Garcia had bad starts to 06 and 07 because of injuries and being worn down to large workloads. That won’t be the case fo rhim heading into 2010, as his workload has basically been throwing for 2 and a half months, and hopefully he is as healthy as he needs to be. He has been exactly what you want from a 5th starter, 5 to 6 decent innings give the offense and bullpen a chance to win it. (actually other then his first start he has been even a little better then that).
Peavy being on a very limited pitch count shouldnt hurt to bad with the expanded rosters. Hudson, Torres, Carrasco depending on the situation provides more then enough of a bridge to the later innings if Peavy can only give you say 4 innings.

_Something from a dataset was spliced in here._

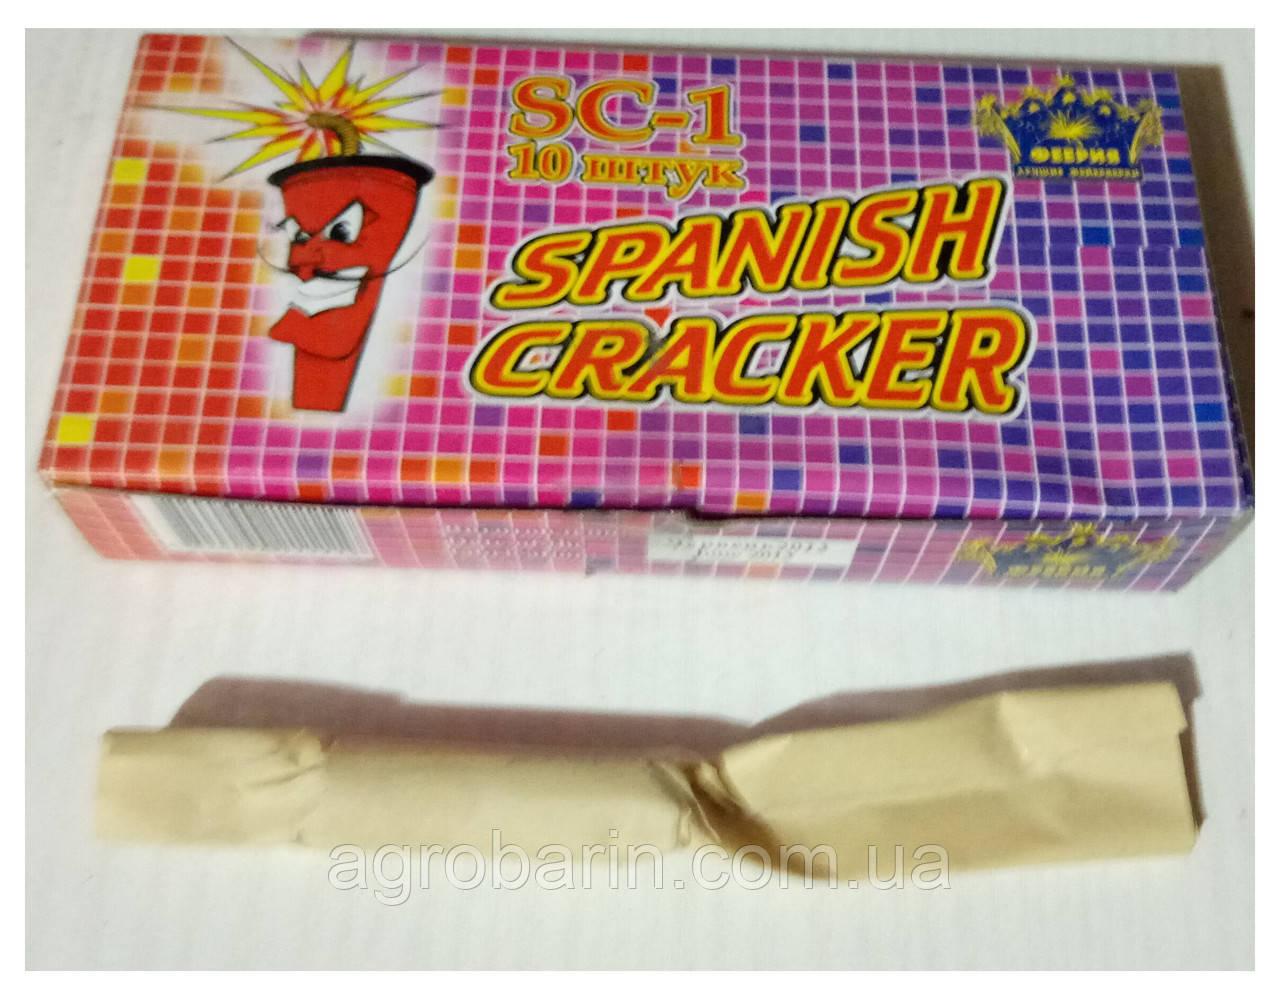 Іспанська цукерка SC-1

If this was mid august it would be a very suspect start.
Mag’s contract will sting about a million times more if Detroit somehow manages to cough up this division. What happened to this guys power did it go the way of his magic pills or is he banged up real bad???

kevins

Where does the 3 vs Cleveland at Cleveland fit into your blueprint? Obviously they would have to win the series, but do they have to sweep?

striker

What are the odds of Garcia increasing his velocity? I always hear of pitchers losing velocity but never getting it back.
ZERO RUNS FROM OUR BULLPEN LAST NIGHT!!! When was the last time that happened?

jimbo

How did Clemens do it?

vanillablue

“Hell, Garcia looks like the quintessential team player in comparison to Colon’s stubborn obtusity.”
Didn’t you mean “stubborn obesity”?

eddystankysghost

Glad to see the peerless agent-wizard in Ordoñez’s corner. I doubt he will convince Tiger fans the option is such a sweet deal for their team, though.